# ungrateful in-laws



## sammyaqw (Sep 19, 2014)

i have been with my wife for 9 years and we have 2 great kids.. but my inlaws are miserable people and they don't think much of me. they are always putting me down.. i am a good father and husband.. i have a great job that my wife doesn't have to work. we have a nice house, nice cars and go on nice vacations. i send my kids to private schools and with all of this, i still am able to saving for college for my kids. my wife is treated like a princess but my inlaws always put me down in front of other people. 

their other daughter married a lawyer and he does very well. all they do is brag about him and his accomplishments.

but meanwhile his wife is miserable as well. he is never home and they do not have a real relationship.

don't my inlaws see how happy my wife is ? why can't they be nice to me... i took over my fathers computer company and they are like big deal you manage your own business. look at your bother in law is a a big shot lawyer.. wow he did so much with his life.

meanwhile i spend quality time with my kids and wife, my have date night and have great relationship.. i coach their sports teams... and my bother in law go fishing on his spare time and spends no time with his family... but my in laws make excusing for him... ooo he is so busy and stressed. 
i am not at all jealous. but its not fair how they think i am not good enough and they don't appreciate me marrying their daughter.

i am sick and tire of being the nice guy and trying to me above the situation... my question how can i start begin a jerk and nasty to them without making obvious that i am upset?


----------



## Yeswecan (Jul 25, 2014)

I think your wife should talk to her parents in support of you and stop them with the put downs.

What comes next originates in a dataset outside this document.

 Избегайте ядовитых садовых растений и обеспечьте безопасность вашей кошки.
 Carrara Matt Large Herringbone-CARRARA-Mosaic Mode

Spouses should help right a wrong if at all possible. In your case, I see this as righting the wrongs of the put down.

There is a story about my W that happened before I came along. It embarrass her and she is not proud of it. Yet, her family find it fun at every gathering to tell the tale as my wife sits quietly wanting to disappear. I finally had enough. I advised each and everyone of them that the story is hurtful to their daughter/sister. STFU. That was the end of it. 

Perhaps you W should advise her folks the same. If they have nothing nice to say then say nothing at all. The apron strings to mamma and dada are cut. Time to defend her H. If they don't like it she can vacate the party and head on home. 

Other than that...you support yourself. No need to deal with you in-laws. Stay home. They will wonder why you are not there. Your W can explain the constant put downs keep you home. Perhaps they will wise up.


----------



## PBear (Nov 16, 2010)

Your asking how to a jerk and nasty to them and not let them know that you're upset? Not sure how you'll do that. 

On the other hand... Maybe getting to a point where you don't care about their opinion would be healthier for you. What's preventing that from happening?

C
_Posted via Mobile Device_


----------



## Mr. Nail (Apr 26, 2011)

Tell lawyer jokes?

You know in-laws are a tricky thing. When my aunts and grandmother started trash talking about my wife. I stopped inviting them over. I stopped going to parties I knew they would be at. 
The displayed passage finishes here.